In the AIP program, Brian Harris, MA, MT-BC, LCAT has coordinated schoolchildren in the Bronx to receive group music therapy as part of their weekly routine. He uses a Native American flute and works to ease their breathing. Harris also encourages long breaths through clinical improvisation on recorders, which were donated by
Yamaha.
Through these successful music programs experiences, the Louis Armstrong Center for Music and Medicine has created a powerful basis for the usage of music therapy in a hospital setting. No longer intended as only a sedative experience for patients with chronic pain, music therapy is now clinically recognized as contributing significantly to medical care, providing psychological and physical comfort to patients with various needs.

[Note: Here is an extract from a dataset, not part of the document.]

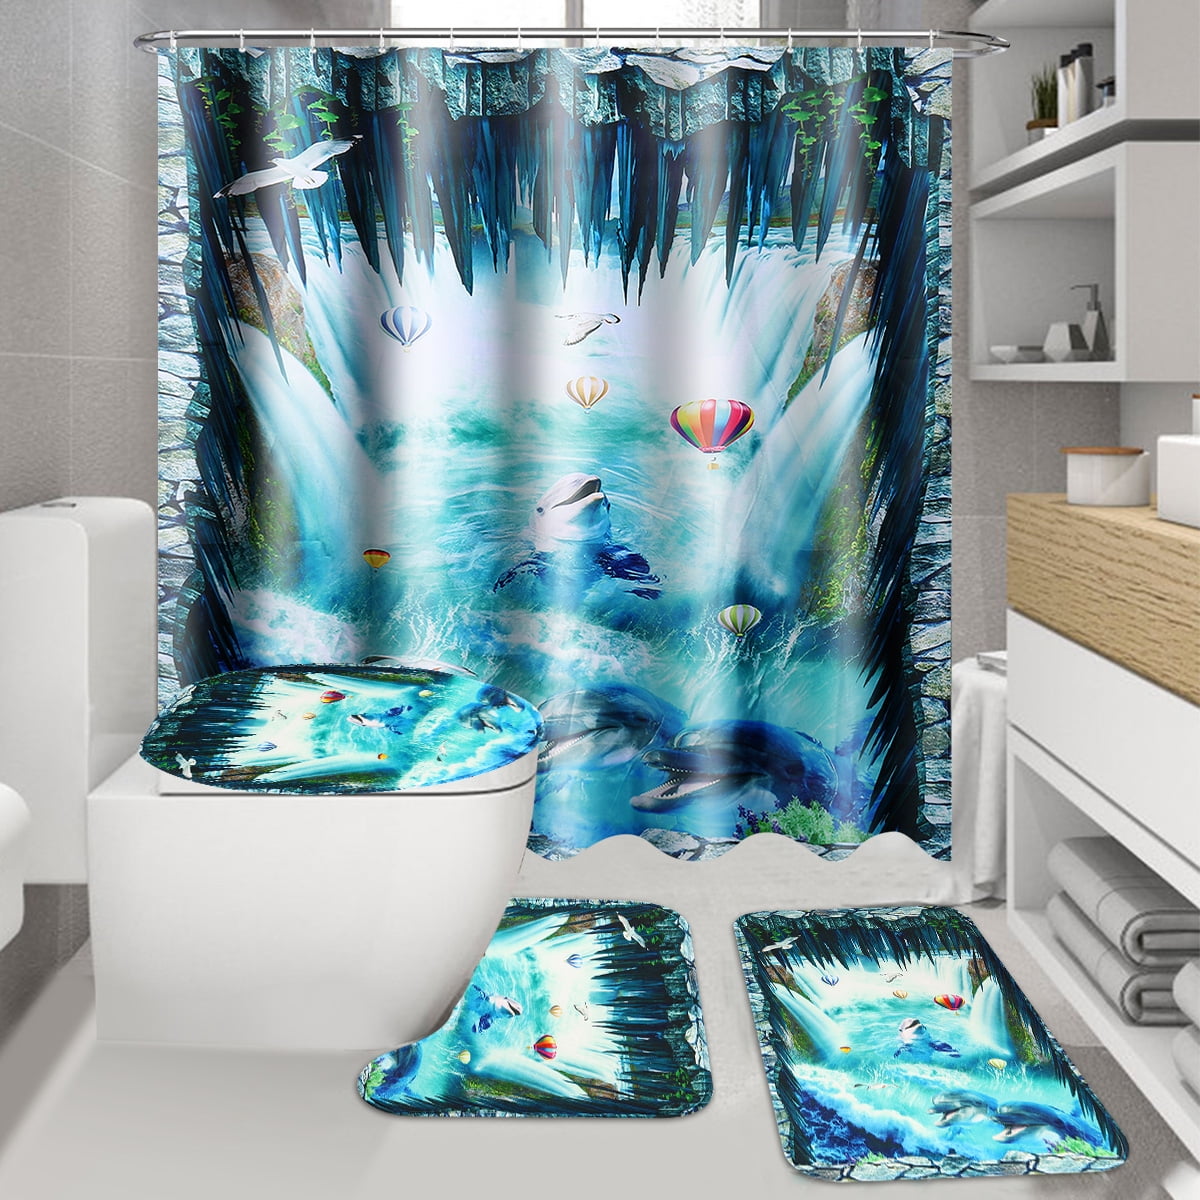 Shower head Bathroom Shower Curtain Waterproof Fabric w/12 Hooks 71*71inch new

The work of facilities, such as Center for Music and Medicine, are paving the way for music therapists to work in a variety of therapeutic setting, including patient rehabilitation programs.
“We’ve been at the cutting-edge of music therapy and medical research for the past decade and, for me, it’s been an honor to grow amongst a team of music therapists who are as eager to train, learn, and research as I am,” says Loewy.